Das Wochenende vom Belly ....


----------



## Bellyangler (12. Juni 2017)

*AW: aktuelle Fänge BB/Kajak/Boot/Watfischen 2017*

Hallo Smallmouth!
Kein Wunder dass wir nichts mehr fangen!
Dickes Petri!
Gruß BA


----------



## blumi (19. Juni 2017)

*AW: aktuelle Fänge BB/Kajak/Boot/Watfischen 2017*

Moin Moin,

wie sieht es an der Küste zur Zeit aus geht da was .... 

Ich würde mich über ein paar schöne Berichte freuen....#h

Petri Heil wenn ihr gerade los wollt|wavey:
Gruß blumi


----------



## Wolleraer (22. Juni 2017)

*AW: aktuelle Fänge BB/Kajak/Boot/Watfischen 2017*

War am Montag bei Kühlungsborn mit dem Bellyboat 4 Stunden fischen.
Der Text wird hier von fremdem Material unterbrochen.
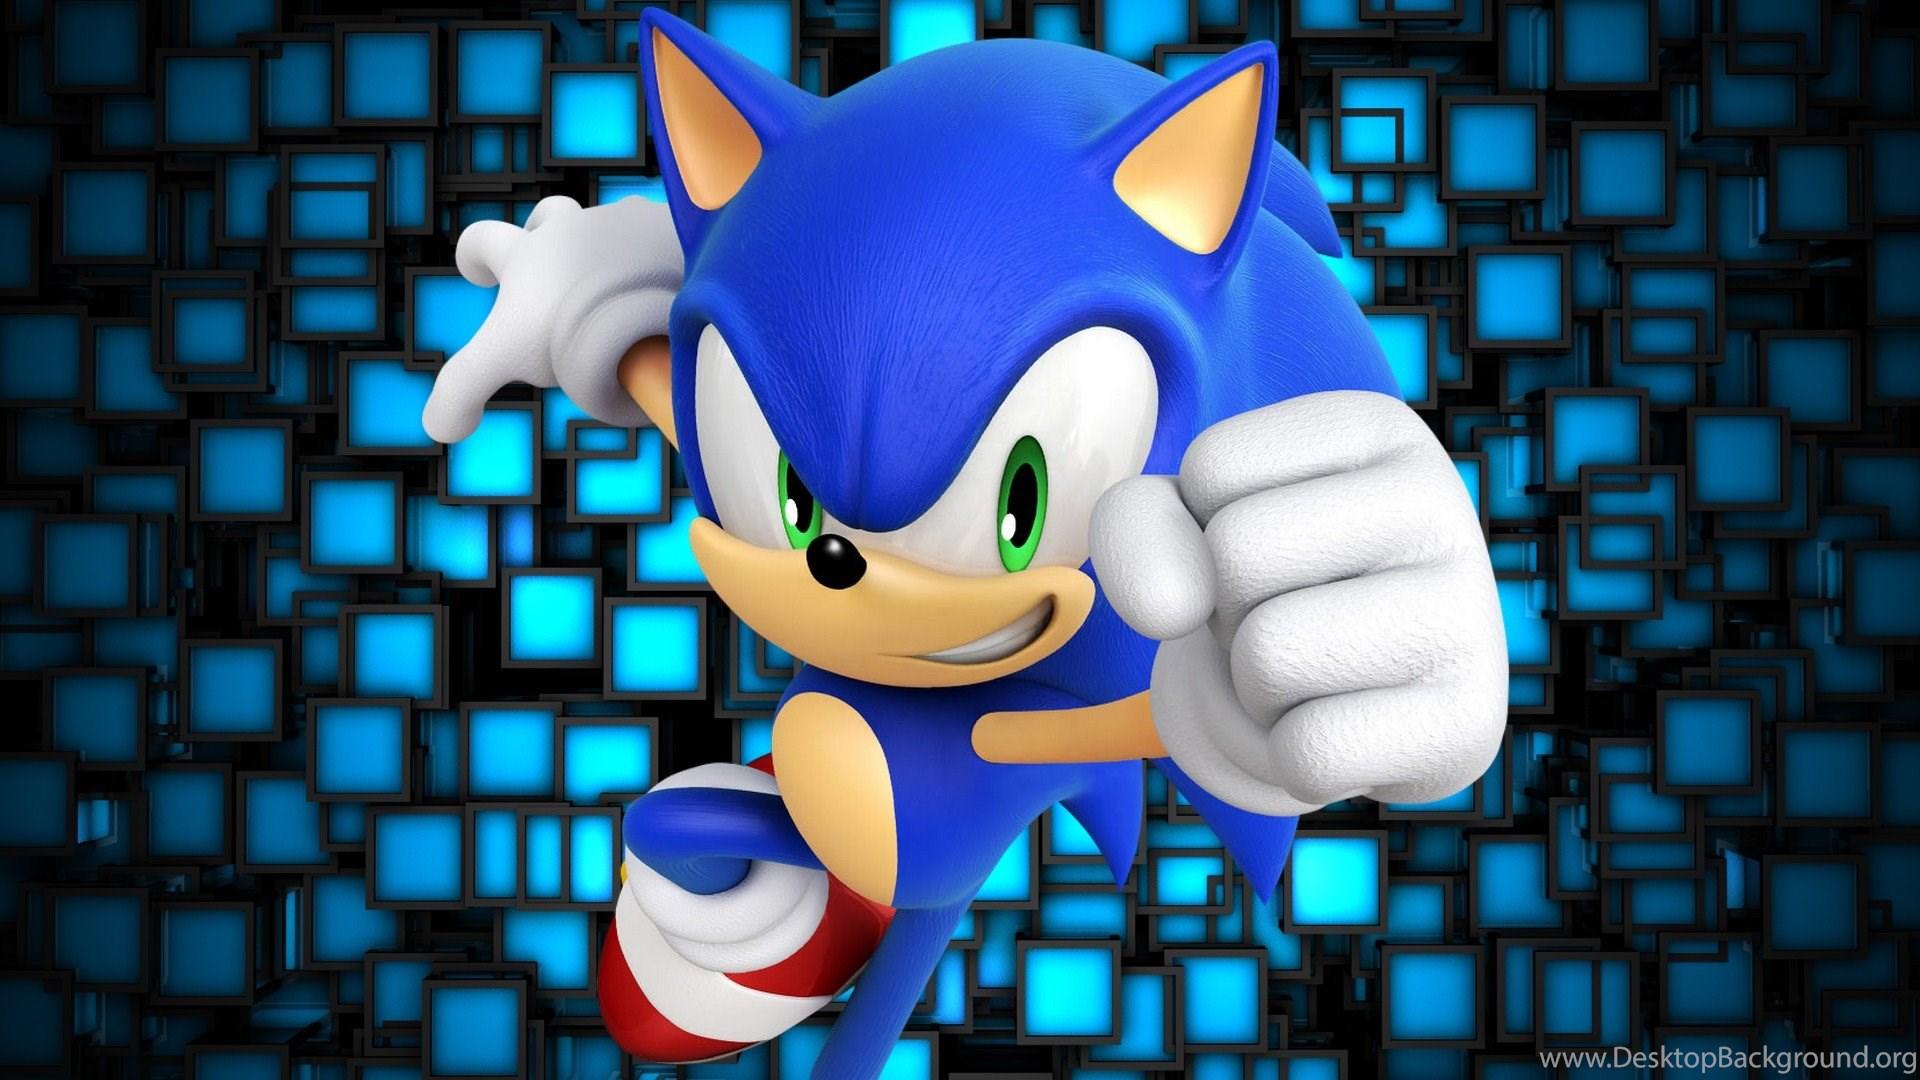 Sonic The Hedgehog Hd Wallpapers Desktop Background

Sehr wenig Bisse . 4 kleine Dorsche die erst noch wachsen müssen. Aber ein fantastischer Sonnenuntergang.


----------



## GreenMonsta (22. Juni 2017)

*AW: aktuelle Fänge BB/Kajak/Boot/Watfischen 2017*

Hallo Kollegen,ich bin ab dem 3.7 auf Fehmarn/Sahrensdorf und möchte gerne mit der Spinnrute Watfischen gehen. 
Macht das anfang Juli vom Ufer Sinn? Sind noch Hornis da,würde sehr gerne mal einen fangen. Aber eigentlich bin ich über jeden Fang glücklich 



Lg und Danke!


----------



## Smallmouth (22. Juni 2017)

*AW: aktuelle Fänge BB/Kajak/Boot/Watfischen 2017*

Vom Ufer kannst Du momentan reichlich Dorsche fangen leidet alle max. 30 -40 cm oder noch kleiner , um an Größer zu kommen braucht man ein Belly oder Ähnliches.


----------



## GreenMonsta (22. Juni 2017)

*AW: aktuelle Fänge BB/Kajak/Boot/Watfischen 2017*

Danke für deine Antwort.  
Lg


----------



## Bellyangler (19. Oktober 2017)

*AW: aktuelle Fänge BB/Kajak/Boot/Watfischen 2017*

Moin,
gestern gab es in Dahme endlich mal wieder ein paar vernünftige Herbstdorsche, größter 64 cm. Vor der Küste leider wieder Netze (Kutter aus Travemünde!) Hatte baglimit nach 2 Stunden erreicht. (11.00 - 13.00 Uhr)
Gruß BA


----------



## Smallmouth (16. Dezember 2017)

*AW: aktuelle Fänge BB/Kajak/Boot/Watfischen 2017*

Dorsch geht auch noch gut .


----------